Lakota People’s Law Project (LPLP) was founded in 2004, upon repeated violations of the Indian Child Welfare Act. After enduring the forced removals of children from their homes, a group of grandmothers in Lakota country asked the LPLP to investigate, and help prevent further illegal action by the South Dakota's Department of Social Services. The investigation unfortunately uncovered patterns of physical and mental abuse, drugging, and neglect. This forced placement of Native children in cruel foster care was leading to high levels of youth suicide. Such atrocities resulted in the inception of the Lakota’s People’s Law Project, now a flourishing center enacting multiple campaigns for justice in Lakota Country.
Per their mission statement, the Lakota People’s Law Project is an organization partnered specifically with the Lakota people to preserve and secure indigenous culture, autonomy, and self-determination.
In 2016, the LPLP became a force to be reckoned with after the Dakota Access pipeline (DAPL) threatened to destroy the Lakota people’s sacred lands and water. Nation-wide, states are enacting laws meant to pacify or criminalize indigenous activists and the protest of pipelines. Not only does this actively ignore indigenous lands rights and treaty boundaries, but there is a terrifying potential that sacred land and water will be polluted. Amidst all of this, Tokata Iron Eyes has been crucial to the Lakota People’s Law Project campaign to stop the DAPL.
As young as twelve years old, Tokata Iron Eyes joined the fight to ensure the sacred waters of Lakota country were not polluted. One of the focal points of this fight is the need to ensure clean drinking water for indigenous people. Indeed, this is a massive issue on many reservations, where Native people experience disproportionate inaccessibility to clean drinking water.
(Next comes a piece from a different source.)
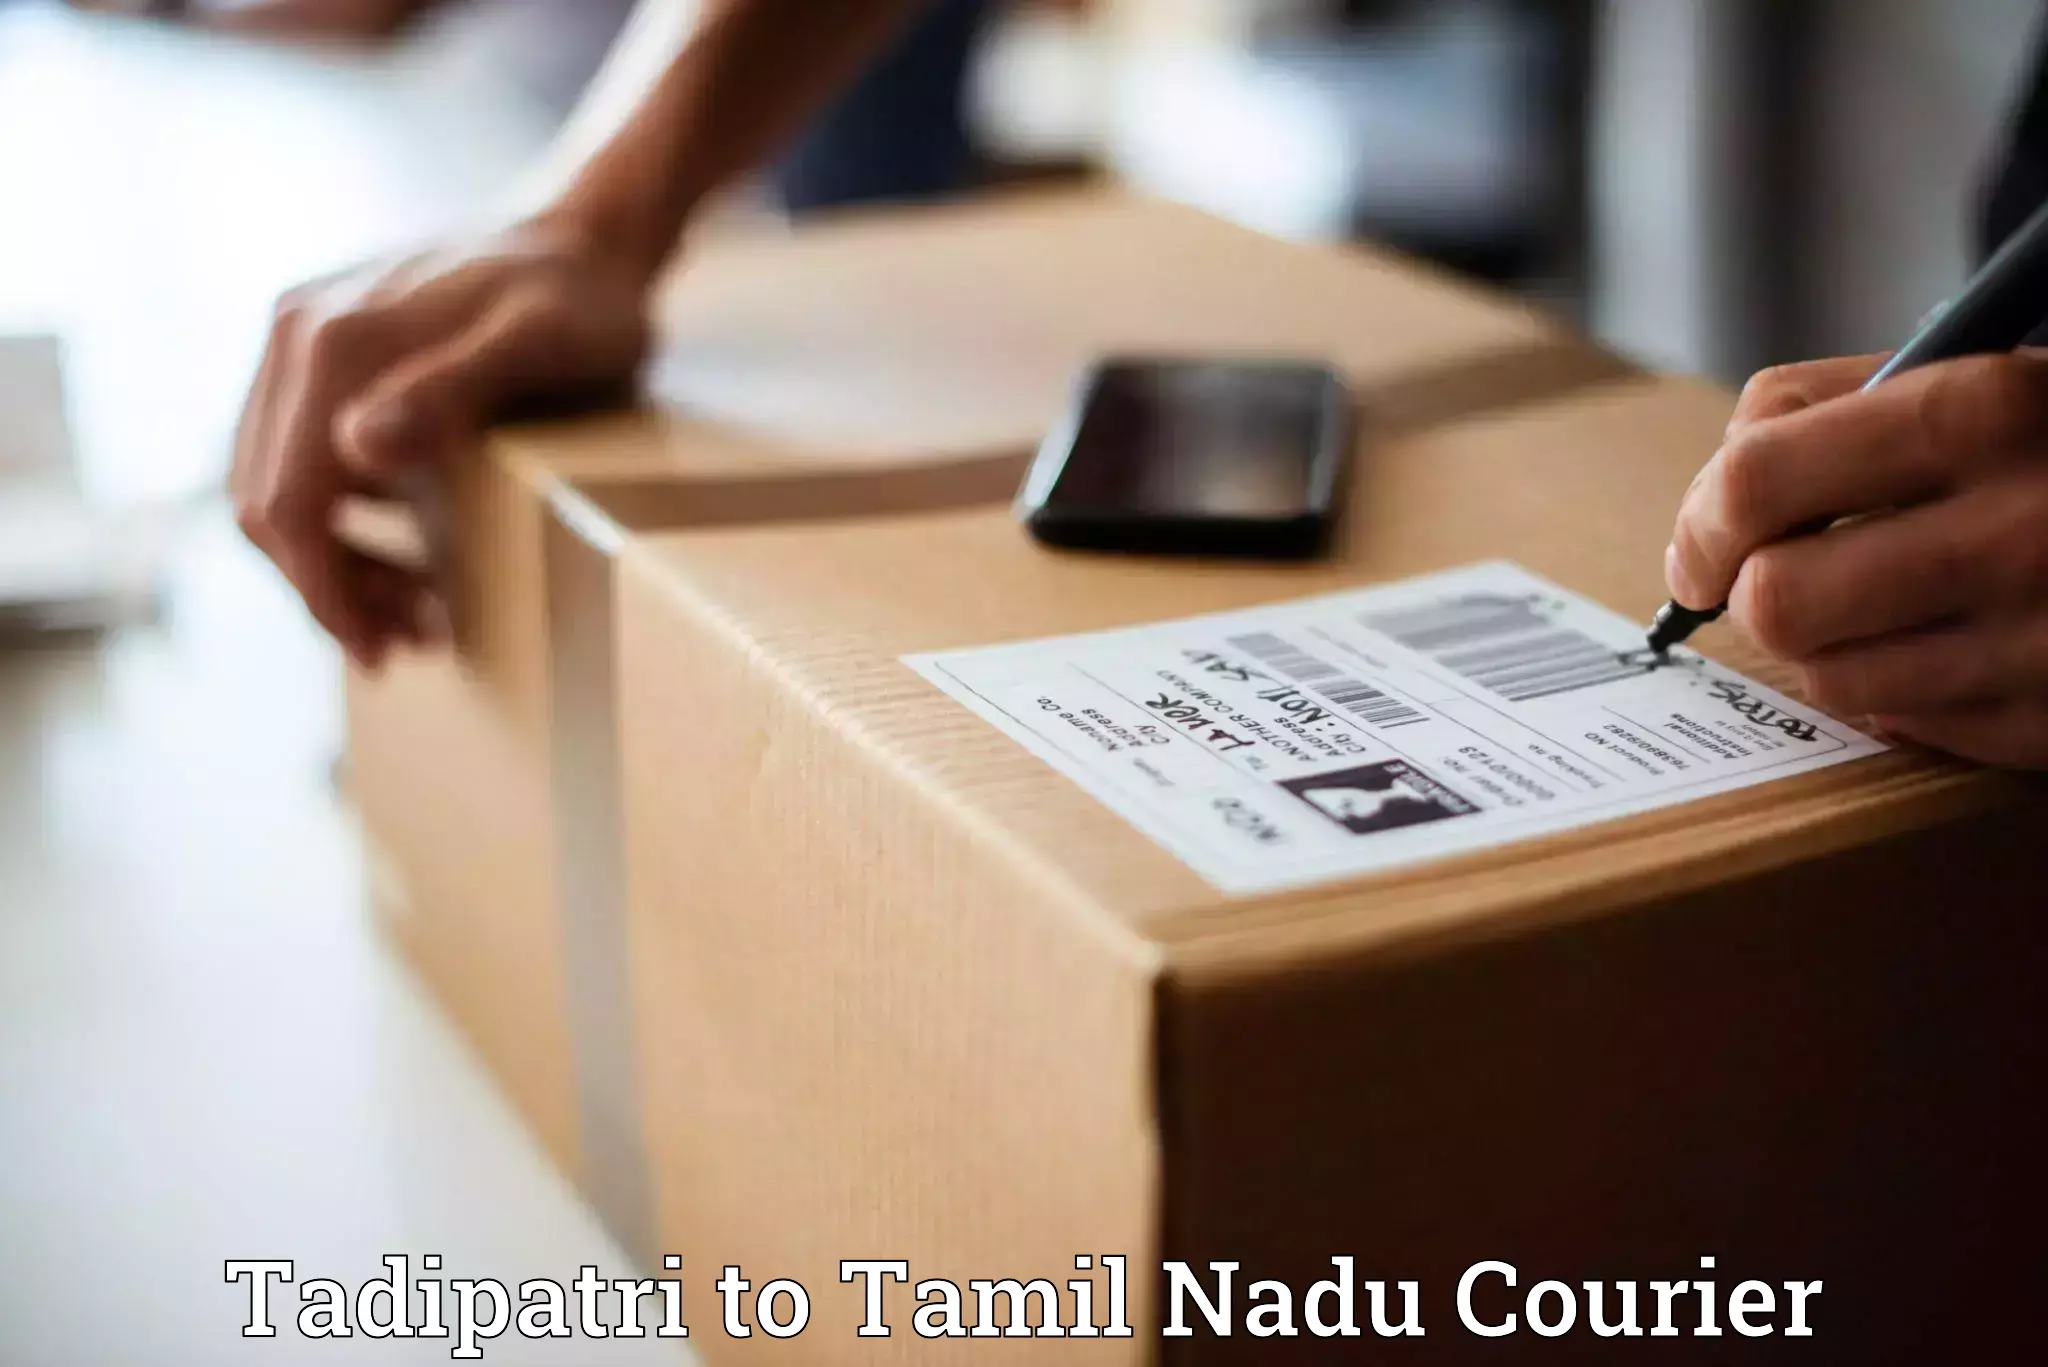 Urgent courier needs Tadipatri to Mayiladuthurai

In the fall of 2016, Tokata teamed up with the renown activist Greta Thunberg to speak at the Red Cloud Indian School, Iron Eyes’s home campus, where the two young women implored the resident youth to take to climate activism. Since the pipeline was approved, Tokata has spent her energy drawing attention to this injustice and the urgent need to act. Imploring people to take action, Tokata says,“We are at the edge of a cliff in regards to our timeline to save this planet, and the Indigenous people will be the ones to lead the movement off of the edge.”
In the fight for climate justice, The Lakota People's Law Project is primed to assist young activists like Tokata in the fight to reclaim, defend, and care for indigenous lands. In our current age of impending climate disaster, it is absolutely vital to listen to, learn from, and respect Indigenous voices — especially those young voices who will continue to shape the future of the lands on which we all live.